While some states had "trigger laws" essentially banning abortion once the Supreme Court had overruled Roe v. Wade (June 24, 2022), other state restrictions did not take place immediately due to ensuing lawsuits.
But, in this study, the authors "used data from 18 states where teleMAB was legal 8 months before and after Dobbs to ensure comparability across jurisdictions and to minimize legal and reporting variability."

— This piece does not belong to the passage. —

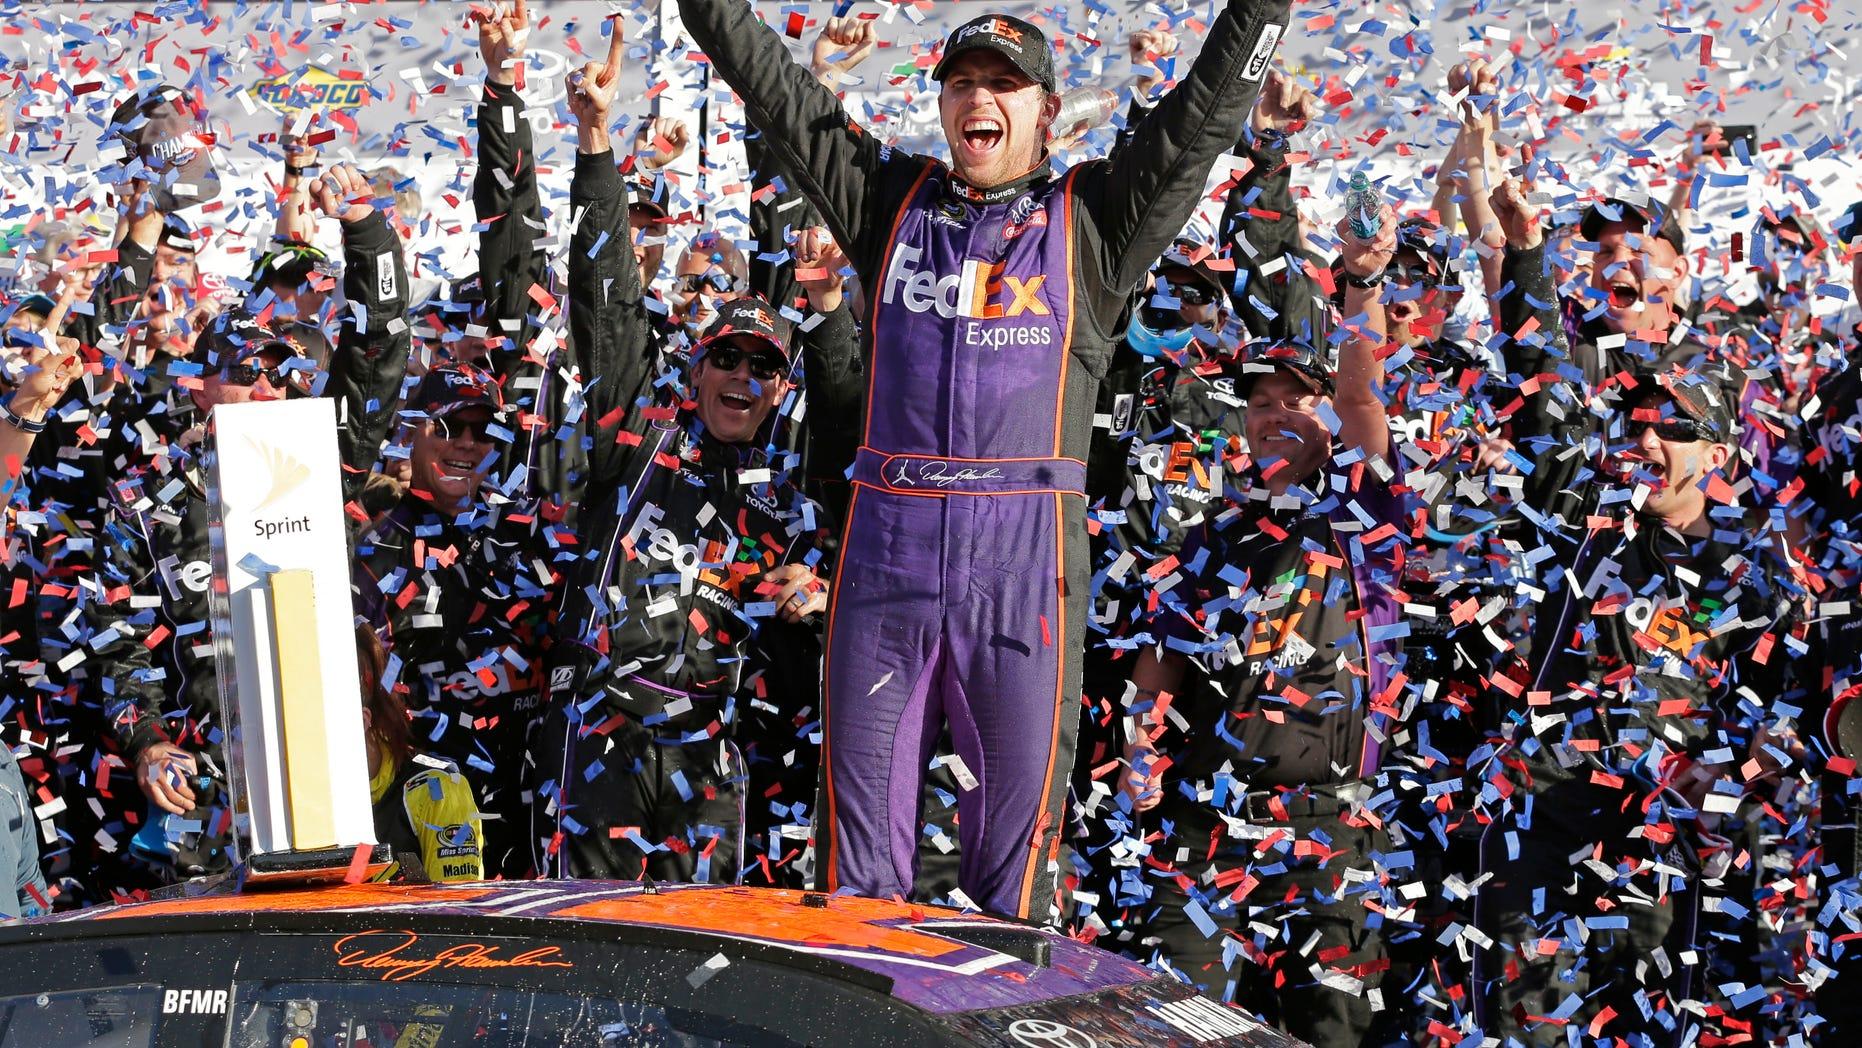 Denny Hamlin celebrates in Victory Lane after winning the NASCAR Daytona 500 Sprint Cup Series auto race.
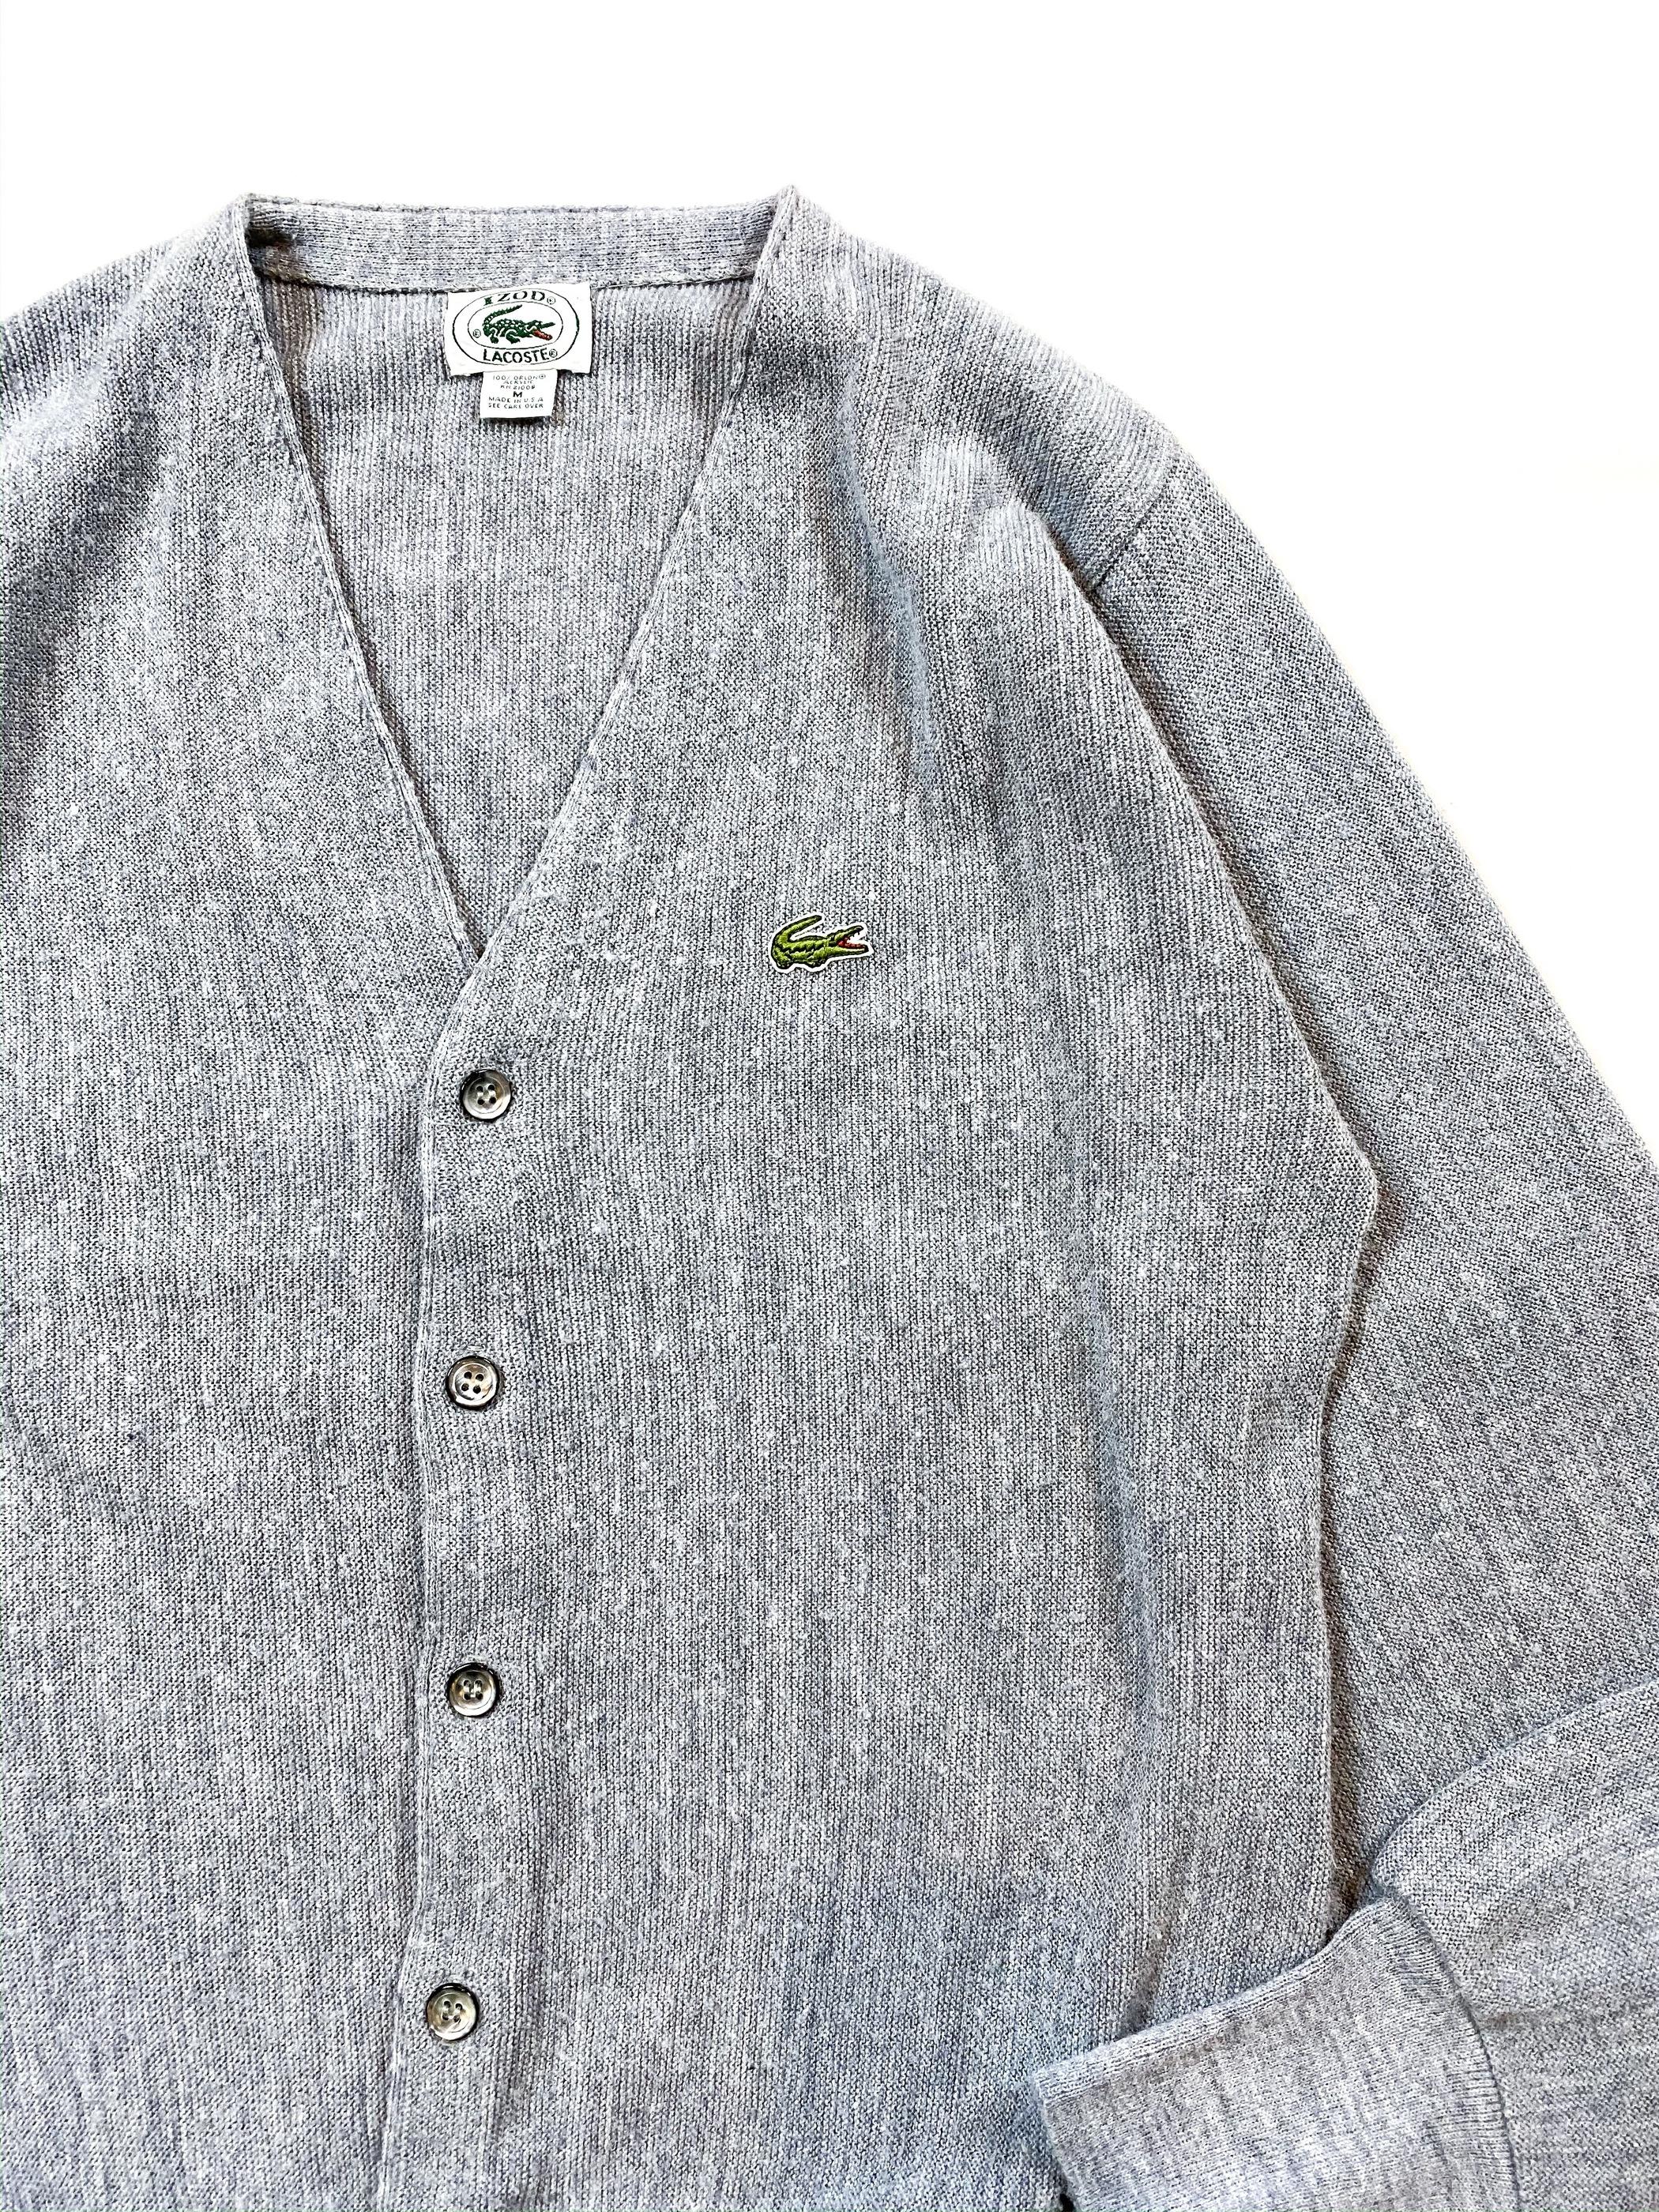 80's IZOD LACOSTE acrylic knit cardigan

"In those 18 states, researchers found telehealth abortion requests jumped about 155% in the eight months after Dobbs, as compared to the prior eight months," Seattle Times reported.
While media is pointing to the high rate of requests "in counties located 100 miles or more from an abortion facility" authors were clear that "increases" were "not statistically different from one another" in the pre-Dobbs requests v. post-Dobbs requests.
Regarding limitations in the study, authors added that:
An important study limitation is the reliance on data from states where abortion remained legal post-Dobbs, which may have included persons traveling from restricted states for care. Still, our findings align with growing evidence that teleMAB is essential for those living far from in-person care, and its availability enables individuals to receive treatment at early gestations, thereby reducing complications that can occur with delayed care
So, despite the data coming from states where "teleMAB was legal" the authors are using their results to "highlight the critical role of teleMAB in reducing geographic barriers to care and underscore the need to expand teleMAB access nationwide."
The study was "supported by the Society for Family Planning Research Fund" the funding arm of the Society of Family Planning (SFP).
Founded in 2005 with a “generous contribution” from the David & Lucile Packard Foundation.
Oversees Complex in Family Planning programs which train in universities across the country.
SFP's website claims "fellows are uniquely suited to establish new Ryan Residency Training Programs." As previously stated, Ryan Residencies have trained thousands to commit abortion.
The official journal of SFP is Contraception, which publishes numerous abortion studies often cited by the media or court briefs.
In recent years, abortion philanthropist Warren Buffett (the Susan Thompson Buffett Foundation) poured over $15.3 million into SFP and millions even further back. Both Packard and Buffett were investors in the manufacturers of the abortion pill, namely either Danco Laboratories or the generic GenBioPro — regular exhibitors and sponsors at SFP events.
The SFP website advocates absolutely zero restrictions on the killing of preborn children, for any reason, at any time, as documented previously by Live Action News.
"In the past 3 years, Drs Godfrey, Fiastro, and Myers have received funding from the Society of Family Planning to support research on abortion access outside the submitted work," the study's conflict notice added.
How trustworthy is the data compiled and reviewed by pro-abortion zealots? One may never know given that the study supplement clearly noted that the data "are not publicly available due..."

In other words, we have to take their word for it as there is no way to confirm or review the findings.